How 14 billion dollars protected Earth's species

Billions of dollars of financial investment in global conservation has significantly reduced biodiversity loss, according to a new research led by Oxford University.

For twenty-five years, we have known that we need to spend more on nature conservation, or face a modern mass extinction as serious as that of the dinosaurs. But governments and donors have been unwilling to come up with the necessary budgets, often because there was little hard evidence that the money spent on conservation does any good.

However, a new study now shows that thanks to the $14.4 billion spent on global conservation between the 1992 Earth Summit and 2003, biodiversity loss today has been significantly reduced. Without the big increases in funding driven by the Earth Summit, we would already have lost about a third more biodiversity than we actually did. More money is still needed, but this finding should now encourage decision makers to re-engage with the Earth Summit’s positive vision, and adequately bankroll the protection of earth’s biodiversity today. 

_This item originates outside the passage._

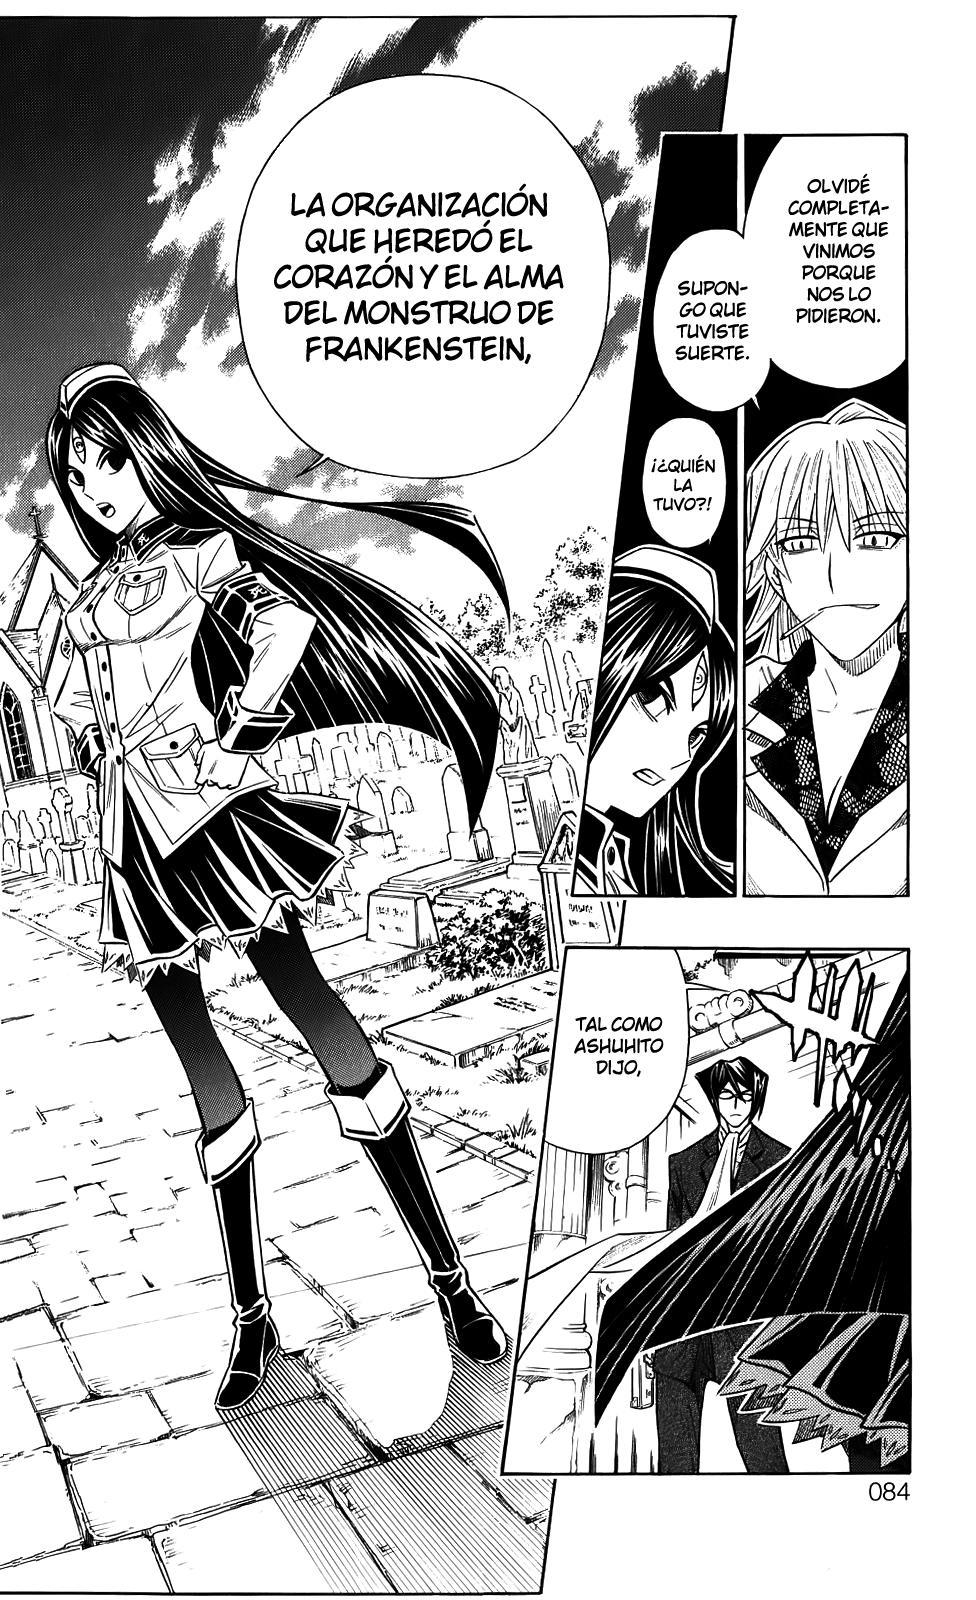 http://c5.ninemanga.com/es_manga/45/18797/447905/4c4e5249f45d8cf6a0387c58ac13f514.jpg Page 8

The study, led by Dr Anthony Waldron during his time at the Edward Grey Institute in the Department of Zoology at Oxford, can also be used to estimate the budgets needed and importantly, how they will change as countries develop. 

‘A highly accurate predictive model of biodiversity decline shows, specifically, how different levels of economic development and agricultural expansion require different levels of conservation spending, to counterbalance any negative effects. Such smart allocation of scarce financial resources would support true sustainable development, as called for by the UN,’ said Dr Anthony Waldron.

The study is the fruit of ten years' work by an international team, building and analysing a huge database of conservation funding and biodiversity declines, plus a complex algorithm that divides up responsibility for global species declines among individual countries.